And why would MS waste your time with typing in this info, when they could just extract it from your Excel and Word documents and send it to microsoft.com behind your back?

Martin A. Boegelund
Wednesday, October 22, 2003

Oh, grow up.


Wednesday, October 22, 2003

Admitted, it may look like a troll.

But think about it:
President Bush comes home from a visit to China, and tells he has struck the deal of the century: China will deliver all the weapons the US will need, at a fraction of the "real" price, _and_ they will maintain all railroad tracks and airport runways in the US as an extra bonus _and_ they will stop asking questions about how many soldiers there are in the States. Deal of the century!
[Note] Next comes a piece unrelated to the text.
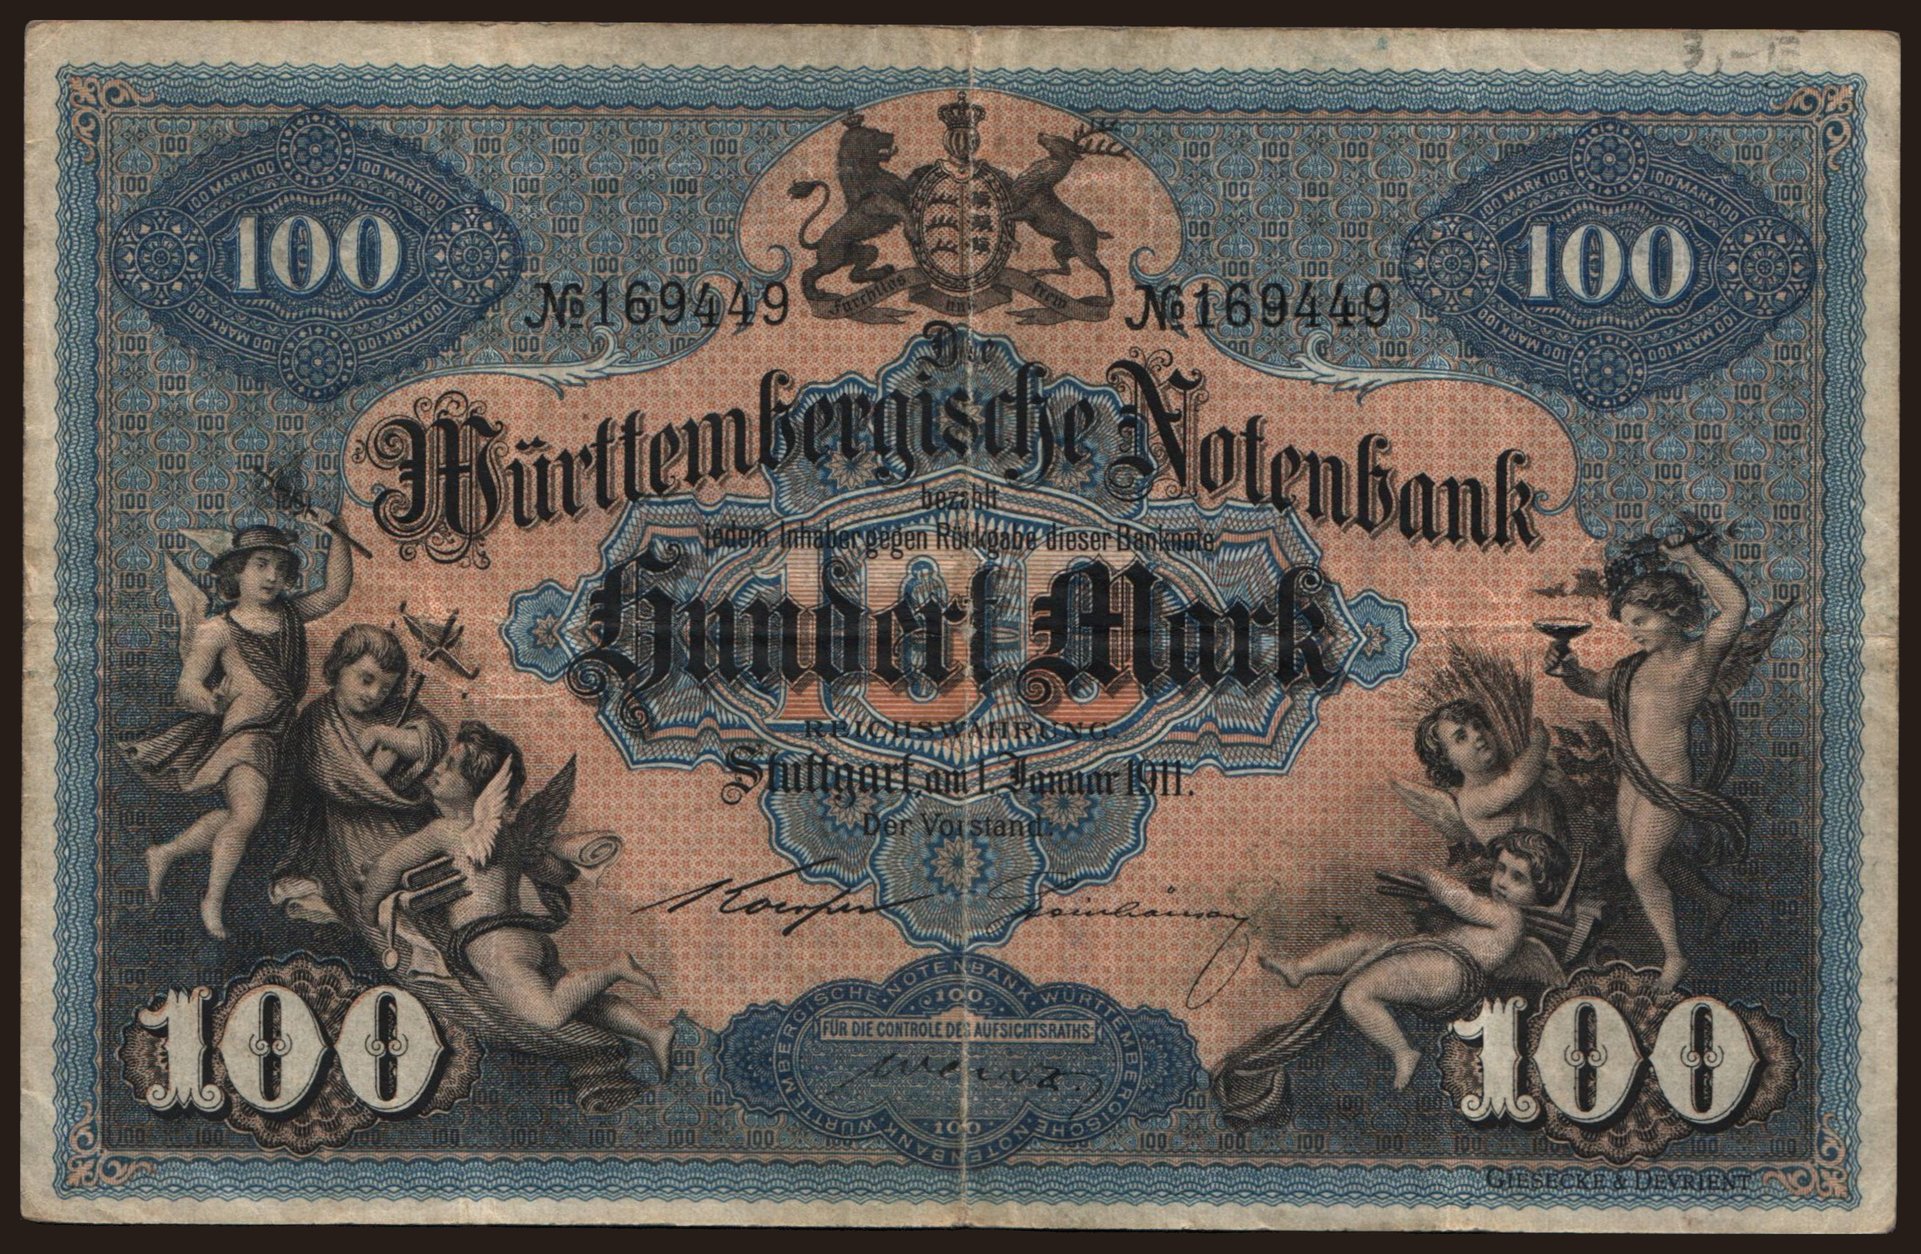 Württembergische Notenbank, 100 Mark, 1911

How can Joel claim that he is sitting in his safe place, untouchable by his biggest could-be competitor (Microsoft), when they deliver/own 99% of his cyber-infrastructure?

Martin A. Boegelund
Thursday, October 23, 2003

Watching too much X-Files.  MS doesn't have some secret government plan.  They're not mining your data.  Bill Gates does not have a underground lair with paid thug guards.

Mulder wakes up to reality; works at McD's
Thursday, October 23, 2003

Yeah, you're right. I guess that's why they didn't ask questions about these things in the first place.
But wait... They _did_ ask questions about annual revenues and number of employees...

How strange that a company wastes it's own time and the time of its customers with questions they don't really need the answers for...

Martin A. Boegelund
Thursday, October 23, 2003

The reason they took the questons off was that they realized they were stopping people signing up for the program.

The information they were asking for is standard when you do something as simple as sign up for a free newsletter.

You've simply got an internal confilct here between marketing which wants to have as much info as possible, and the more technically oriented guys, who want people developing software ror them because that's the way they've always assured the suprmacy of the platform.

You see the same thing over Linux; do a search on the MS site and you will find the marketing department with documents bashing Linux, and the developers department with articles on how to communicate with it, and even how to install a virtual Linux partition.

Stephen Jones
Thursday, October 23, 2003

Just today I was talking with Unisys, and they were asking the same questions about employees and yearly revenue, etc.  And that was just for international licensing of GIF, whose patent is already expired in the US.

Are they planning world domination too?

Mulder wakes up to reality; works at McD's
Thursday, October 23, 2003

"when Bill Gates woke up one morning and decided to do a SQL query to find all the software companies that were ripe for a little friendly competition from Redmond."

Did I write this? Gosh, no, I didn't! It was actually Joel.

Giving his little paranoia towards Redmond an extra push, I just noted that Joel is not home free just because he doesn't have to answer some questions. MS products is still the tree he is leaning up against - he's as vulnerable as before.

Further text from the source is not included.